▶ _DATA SECTION_:
━━━━━━━━━━━━━━━━

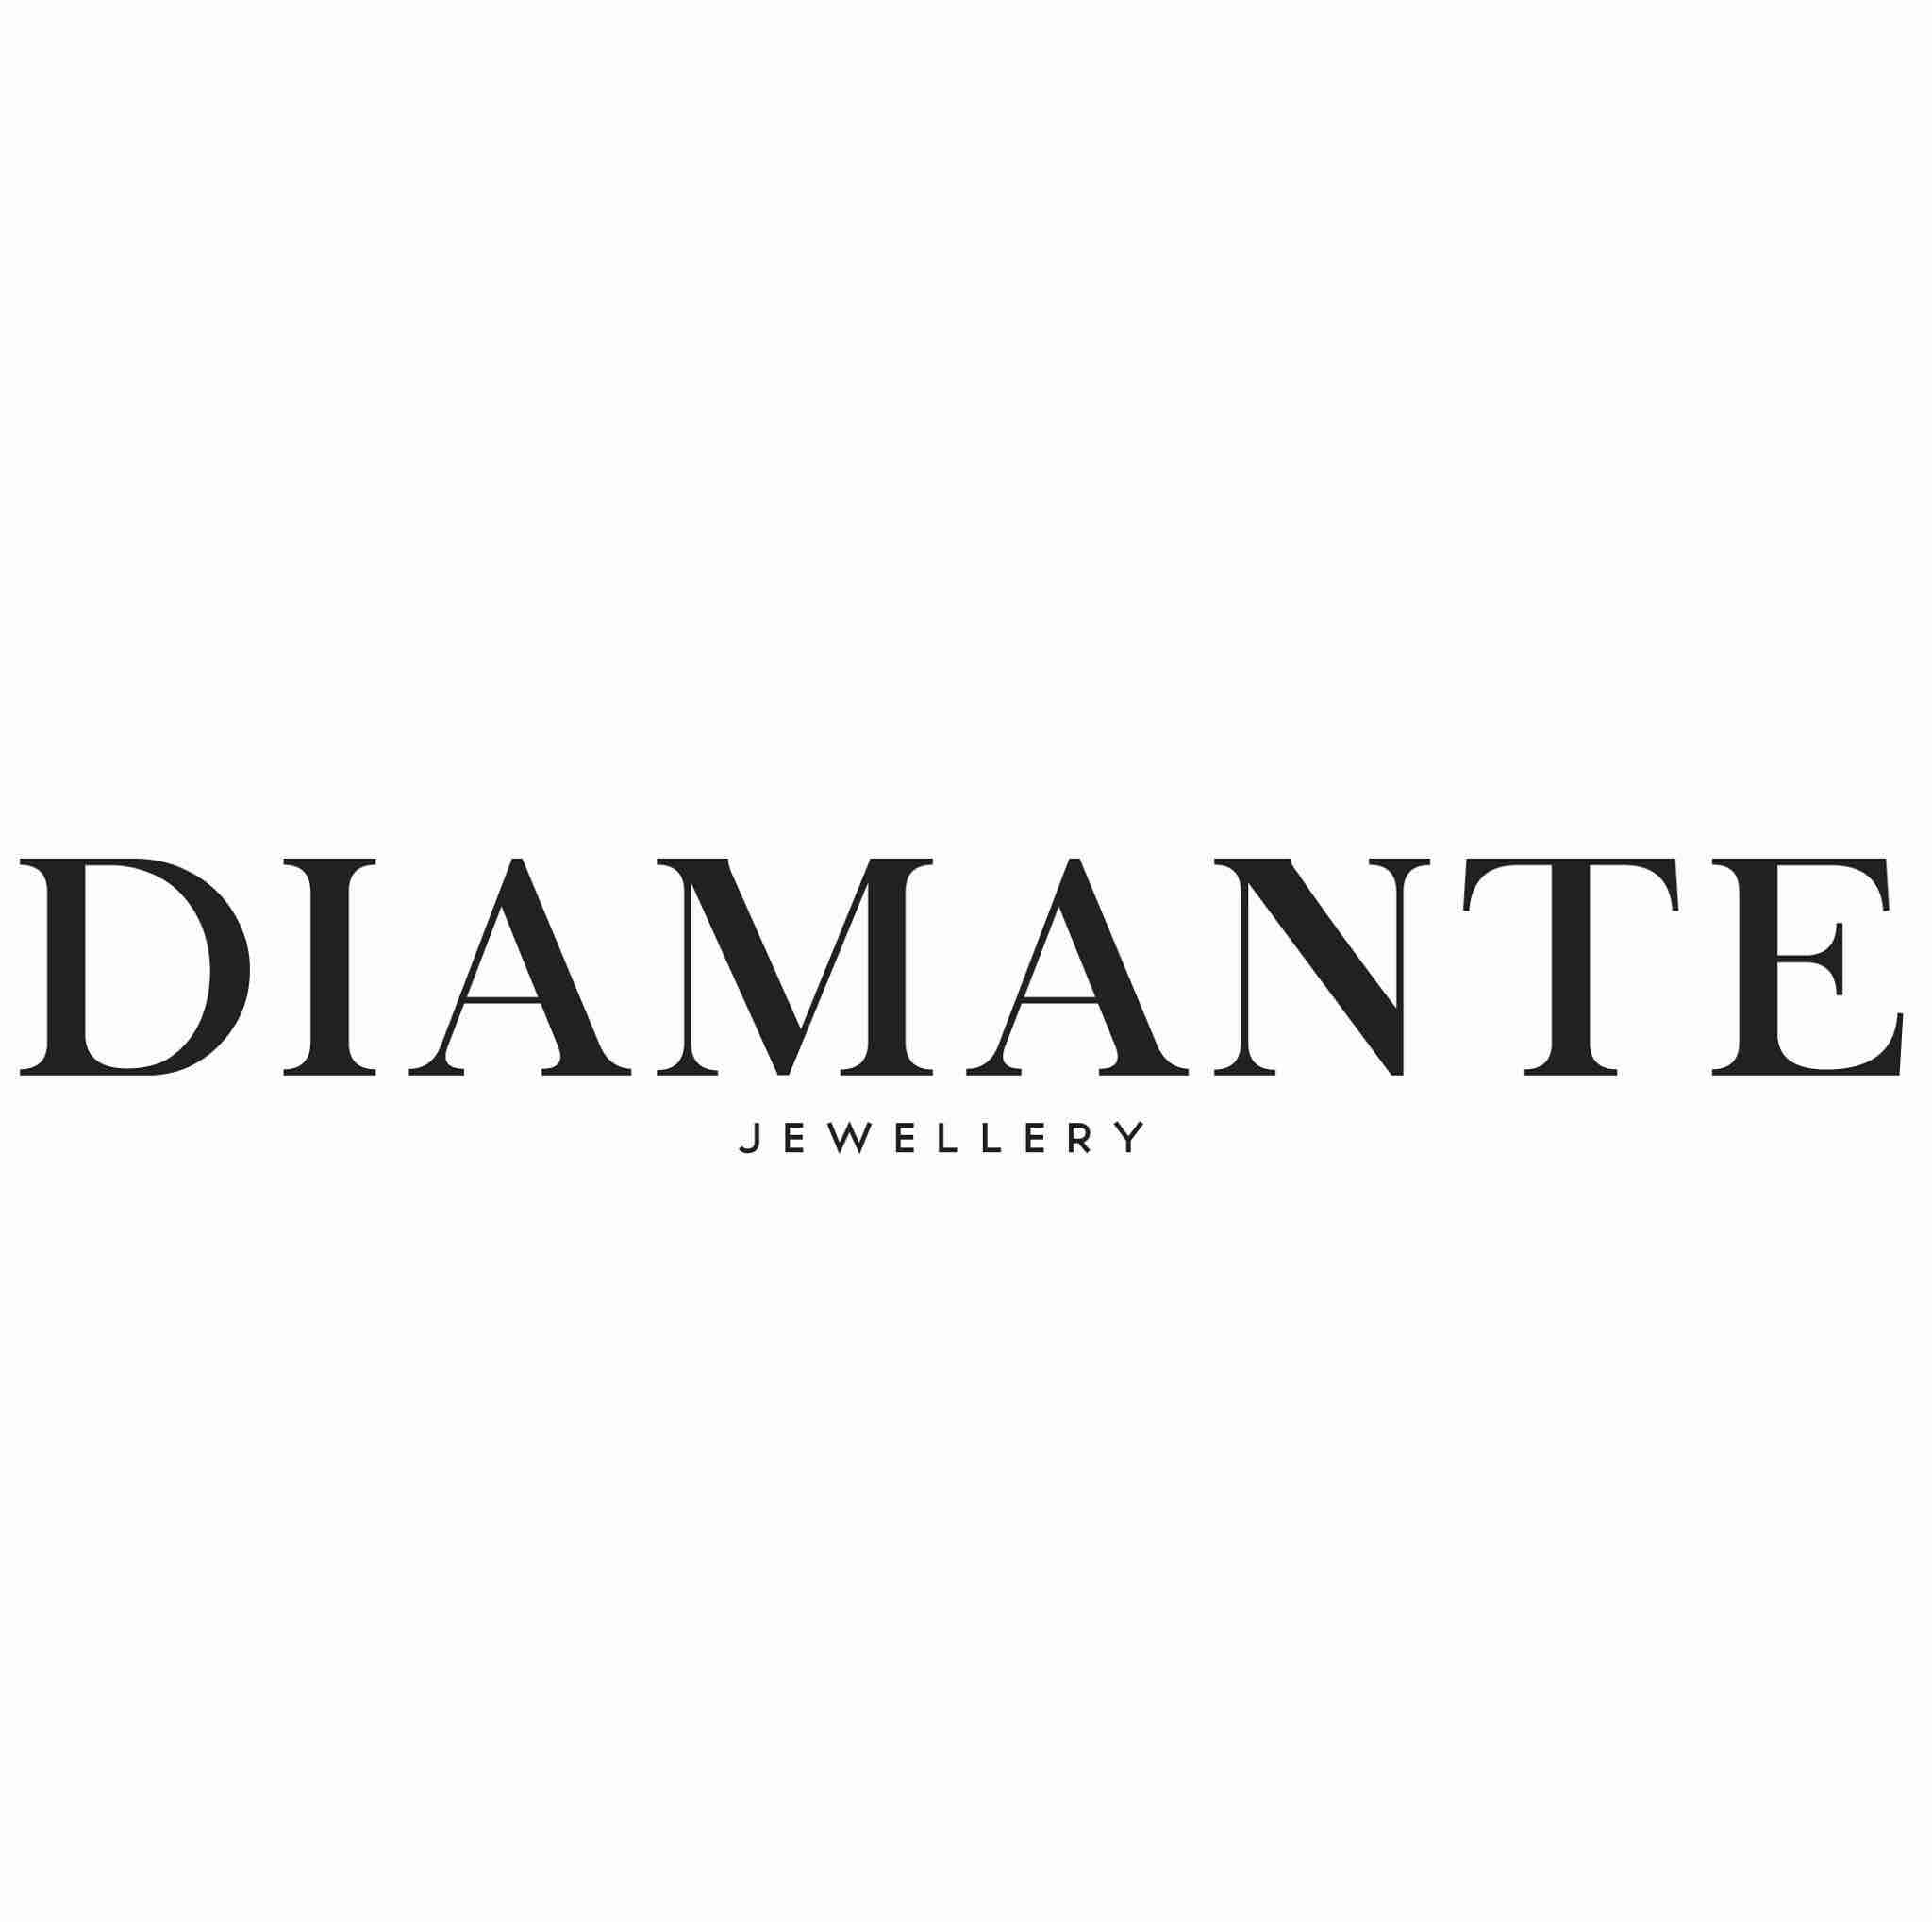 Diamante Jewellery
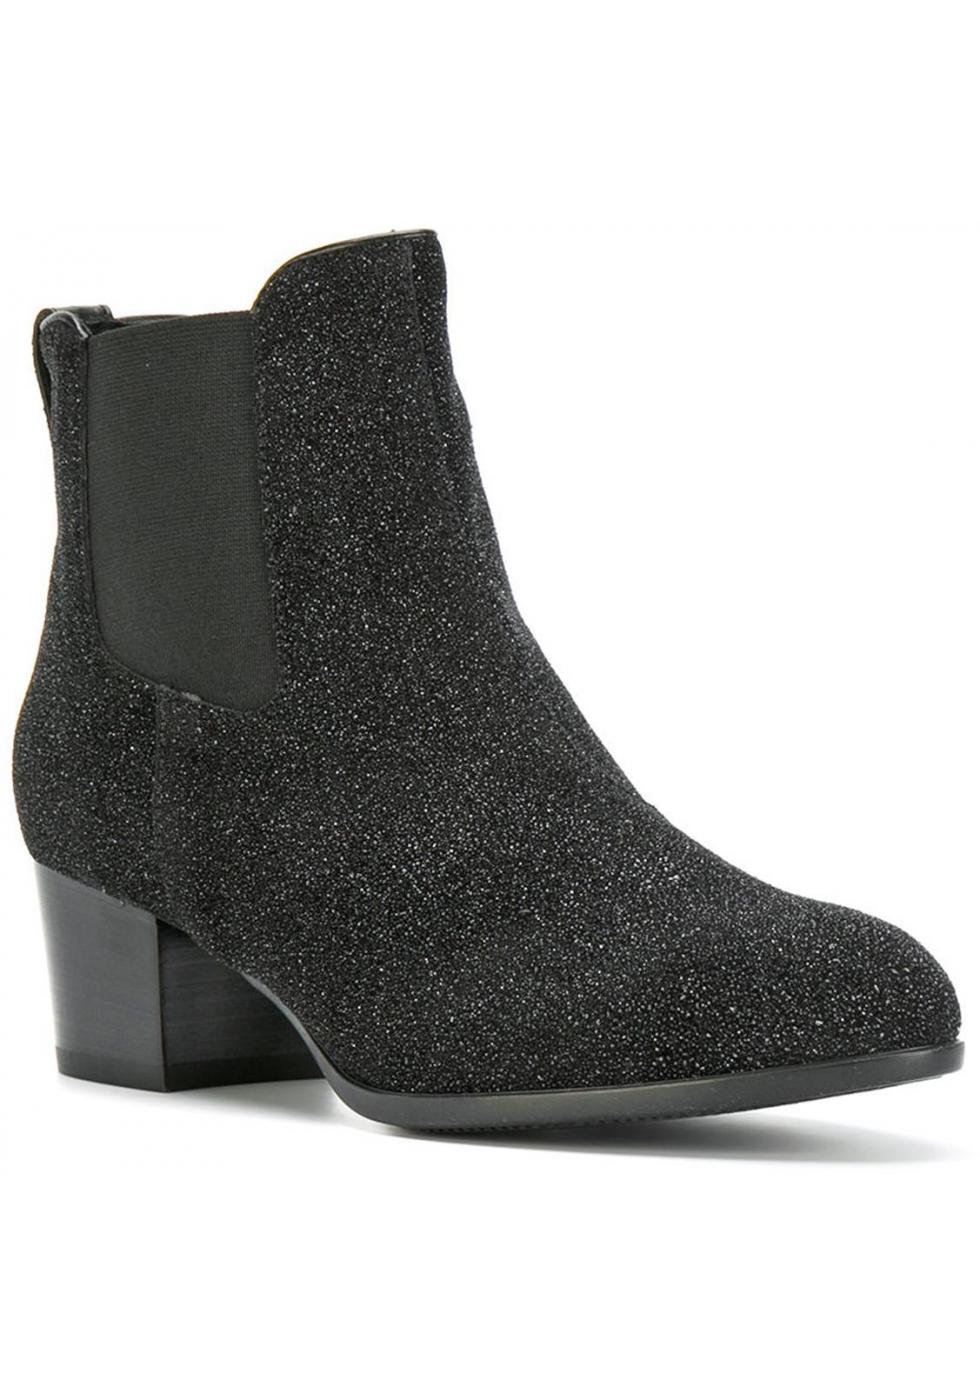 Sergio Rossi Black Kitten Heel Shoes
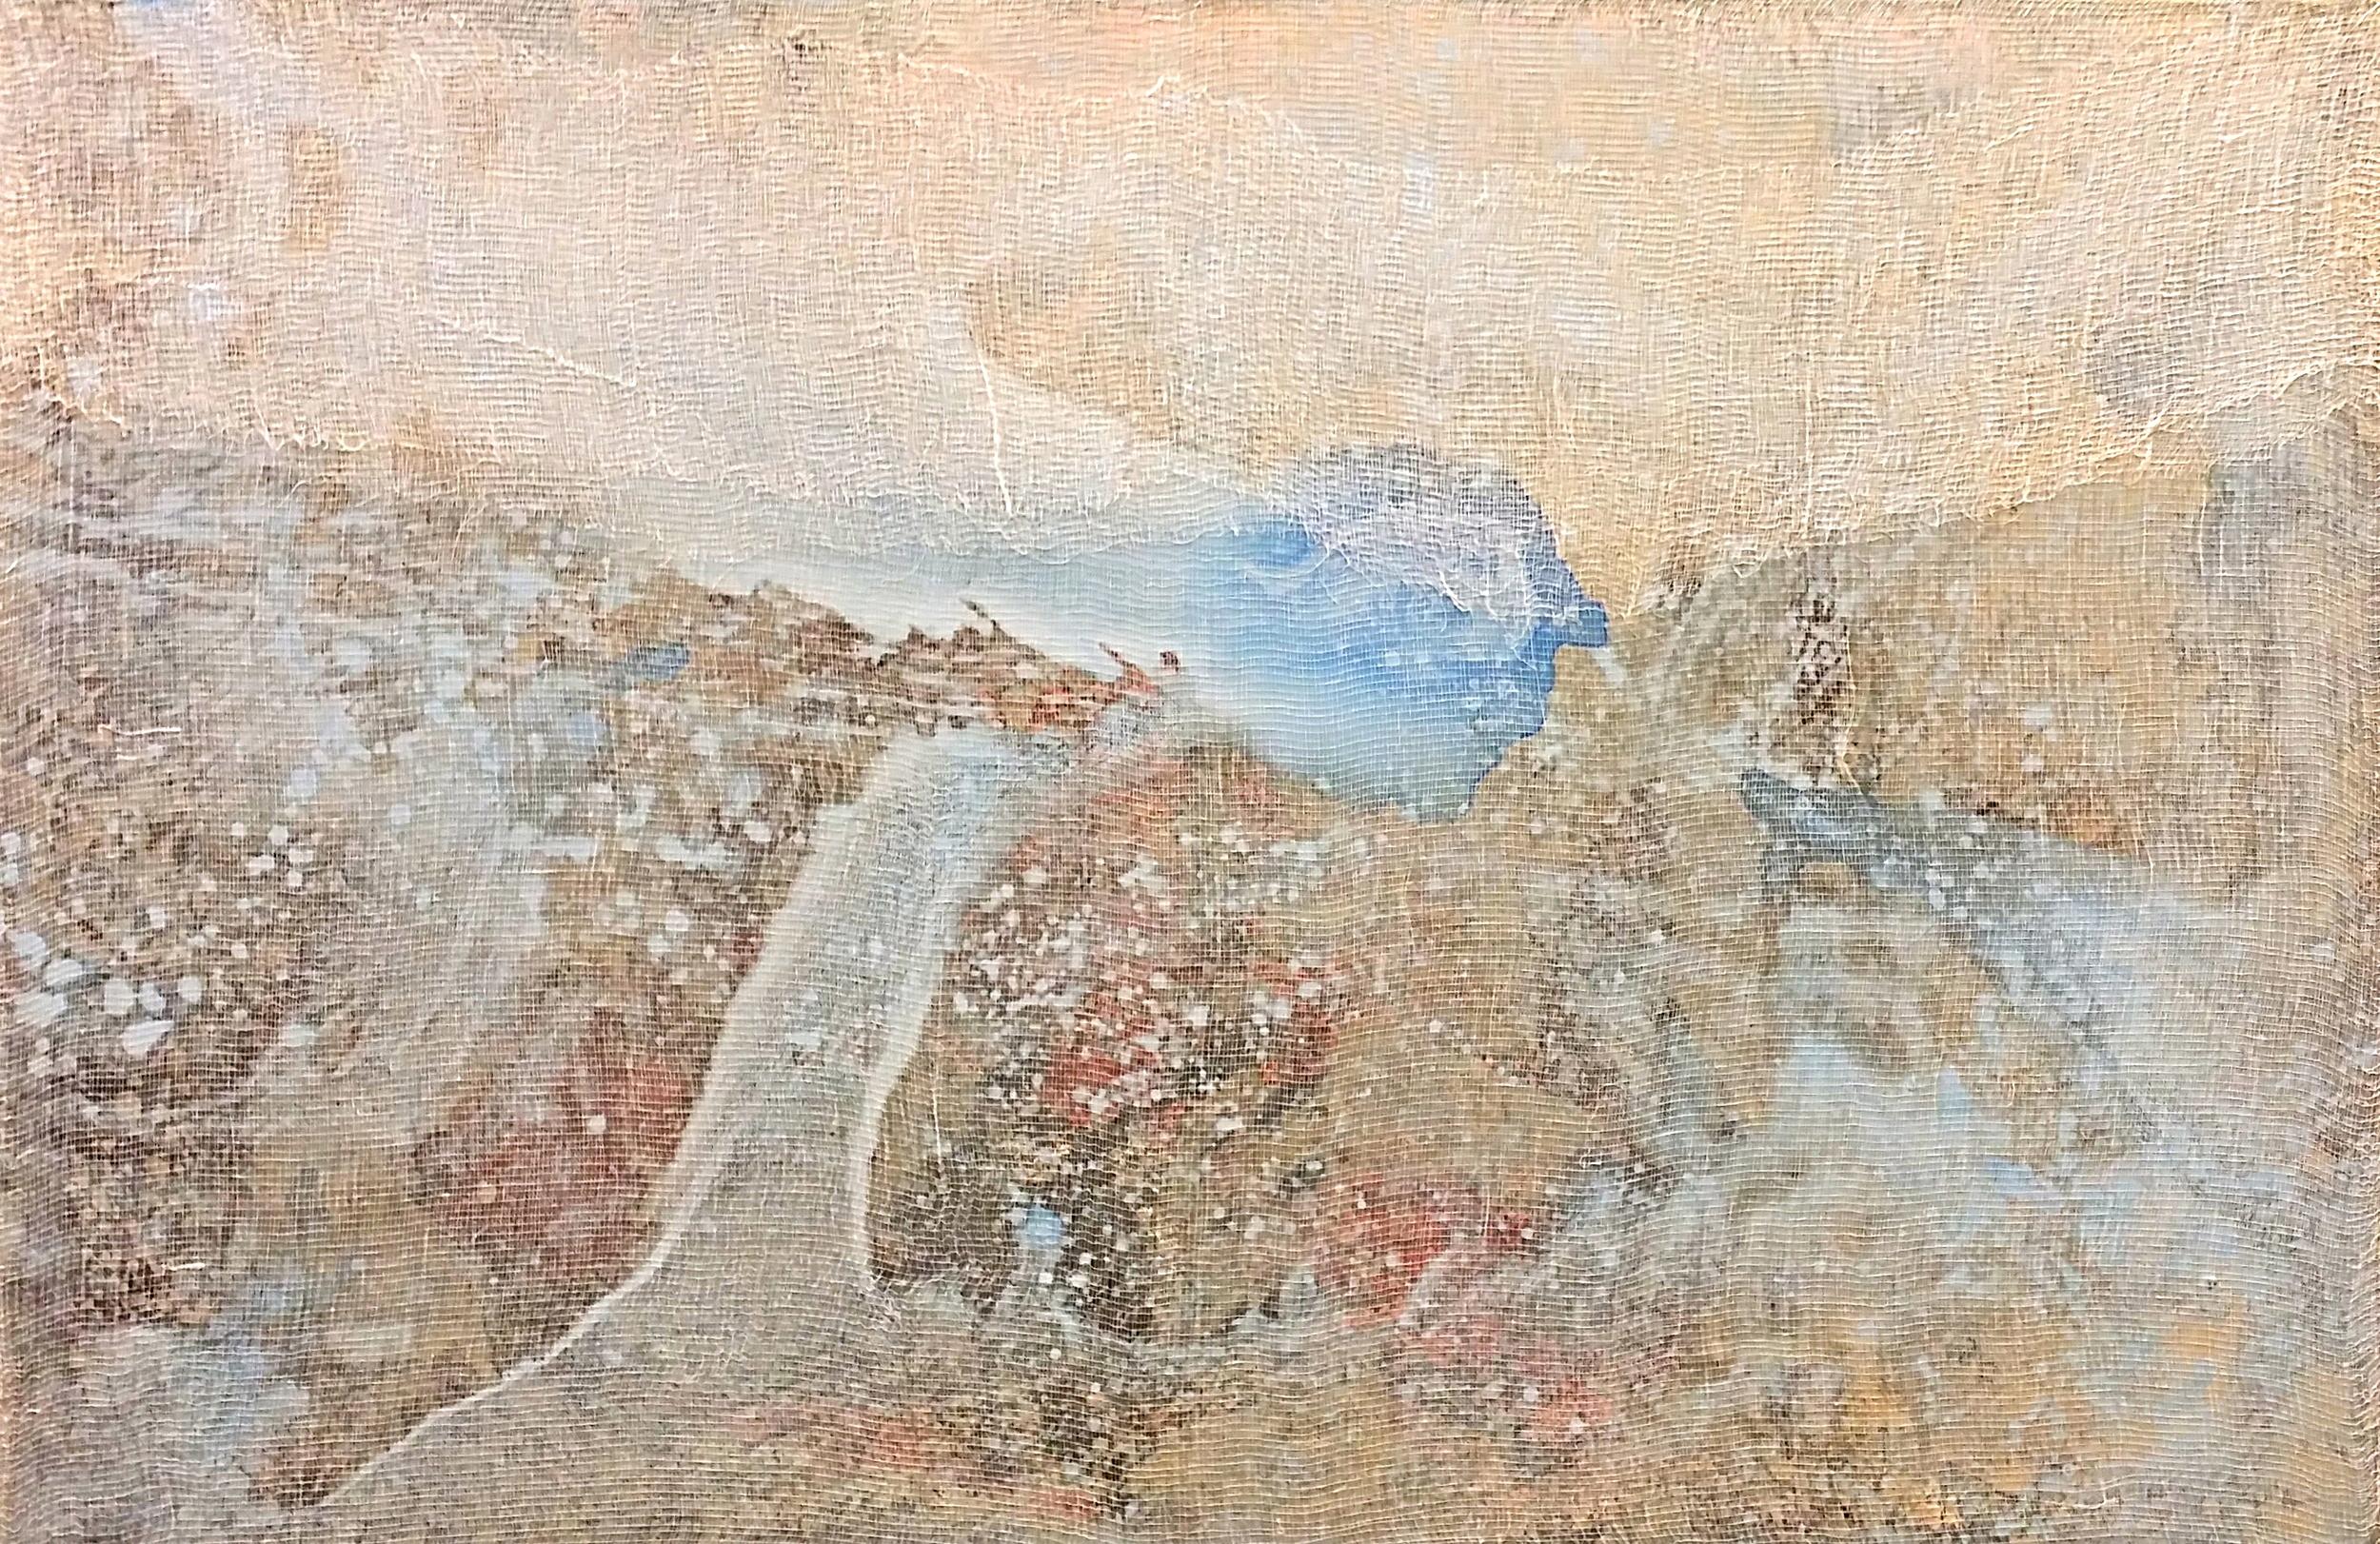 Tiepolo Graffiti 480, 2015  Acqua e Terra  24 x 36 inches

━━━━━━━━━━━━━━━━

▶ _TASK_: Give back the material above exactly, with each picture removed.

▶ _RESPONSE TO THE TASK_:
 Diamante Jewellery
 Sergio Rossi Black Kitten Heel Shoes
 Tiepolo Graffiti 480, 2015  Acqua e Terra  24 x 36 inches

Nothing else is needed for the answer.